Return nothing but the lines from the one with "Brasov, Romania. Snowy" through the one with "Kentucky Fried Movie" in the data below, word for word and without pictures.

**Data section:**
Segment Open

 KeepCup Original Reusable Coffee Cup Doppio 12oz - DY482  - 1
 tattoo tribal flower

Segment Closed
Segment Open

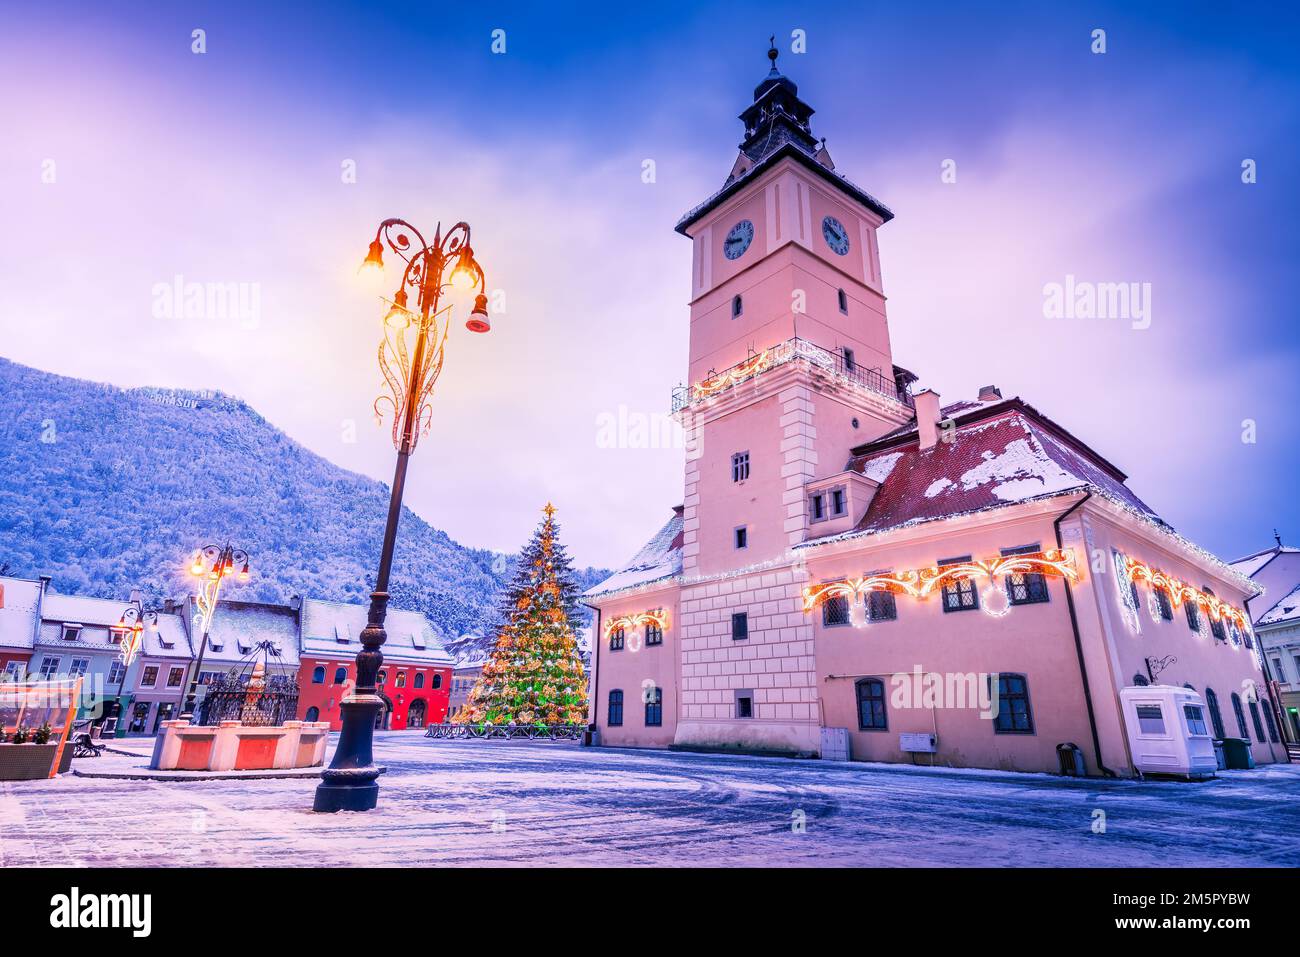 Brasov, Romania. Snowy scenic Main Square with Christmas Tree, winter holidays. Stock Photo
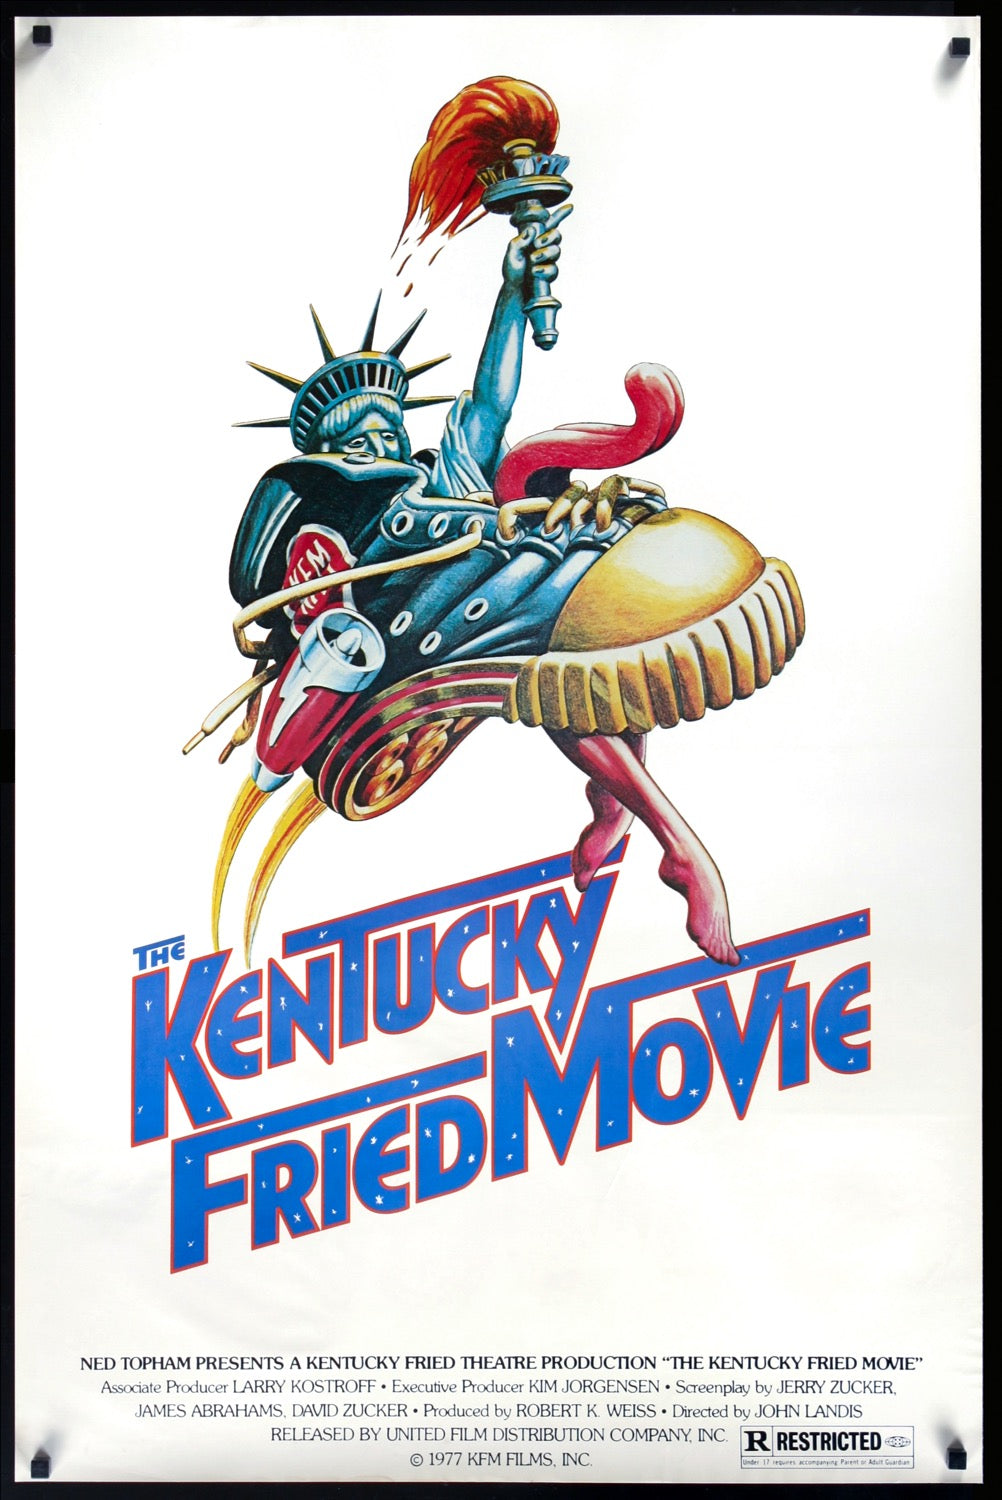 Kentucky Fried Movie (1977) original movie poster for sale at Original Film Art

Segment Closed

**Result:**
 Brasov, Romania. Snowy scenic Main Square with Christmas Tree, winter holidays. Stock Photo
 Kentucky Fried Movie (1977) original movie poster for sale at Original Film Art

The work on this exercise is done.